You can download a shapefile with the data and results of the analysis described in this post.

Final PostGIS Result

Measuring Polygon Overlap in QGIS and PostGIS

I was helping someone with a project this semester where we wanted to calculate overlap between two different polygon layers (postal code areas and grid cells) for over forty countries throughout the world. The process involved calculating the area of overlap and percentage of total overlap between each postal area and grid cell. We began our experiment in QGIS and perfected the process, but ultimately failed because the software was not able to handle the large number of polygons: almost 2 million postal codes and over 60k grid cells. Ultimately we employed PostGIS, which was more efficient and able to do the job.

In this post I’ll outline the steps for calculating area and polygon overlap in both QGIS (as an example of desktop GIS software) and PostGIS (as an example of a spatial database); I’ll assume you have some familiarity with both. For this example I’ll use two layers from the Census Bureau’s TIGER Line Shapefiles: Congressional Districts (CDs) and ZIP Code Tabulation Areas (ZCTAs). We’ll calculate how ZCTAs overlap with CD boundaries.

Before we begin, I should say that overlap is a technical term for a specific type of spatial selection. Overlapping features must share some interior space, and the geometry of one feature is not entirely enclosed within the geometry of another. I am NOT using the term overlap in this technical sense here – I’m using it more generally to refer to features that share any interior space with another, including areas that are entirely enclosed with another (i.e. 100% overlap).

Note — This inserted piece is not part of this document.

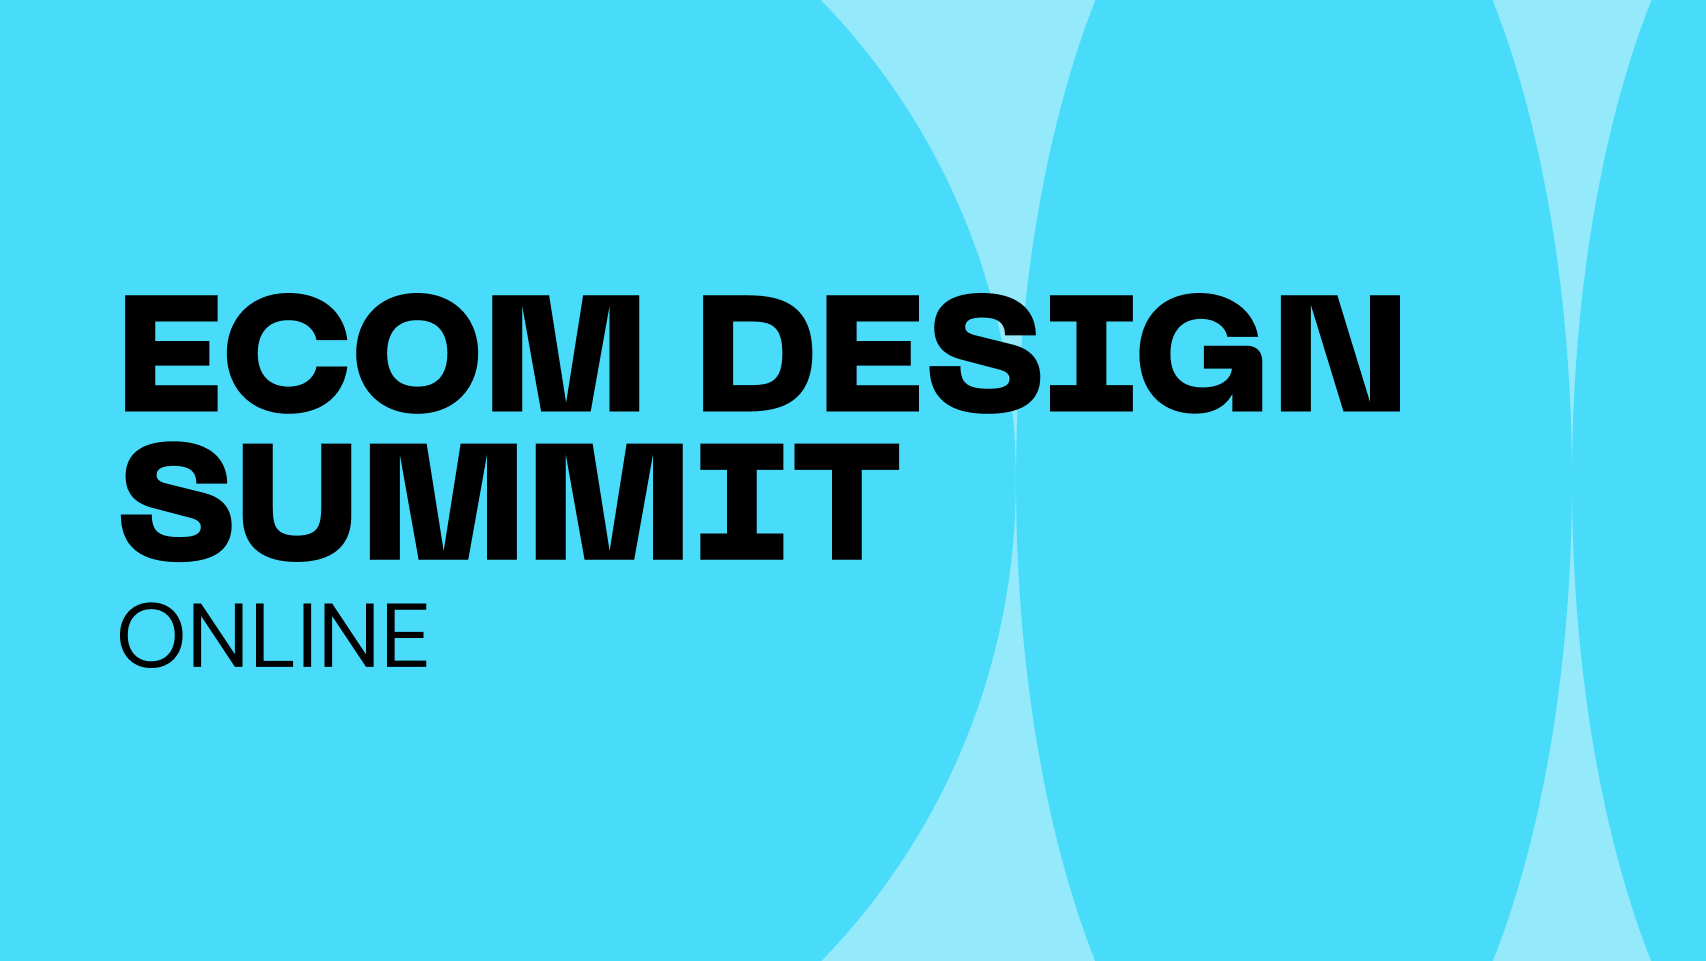 eCom Design Summit Online

Since we’re measuring areas, the first step is to reproject our layers to a projected coordinate system that preserves area (an equal area projection). If we were working in a local area we could use a UTM or (in the US) a State Plane Zone. For continents and large countries like the US we could use Albers Equal Area Conic. If we were working globally we could use Mollweide or a Cylindrical Equal Area projection. The US Census layers are in the geographic coordinate system NAD 83. To reproject them, we select each one in the layers panel, right click, and choose save as. Browse and save them as new files, hit the CRS button, search for North America Albers Equal Area (AEA), select it, and save the new layers in that system. In the map window we select one of the new layers, right click, and choose Set Project CRS from Layer to apply the new system to the map window.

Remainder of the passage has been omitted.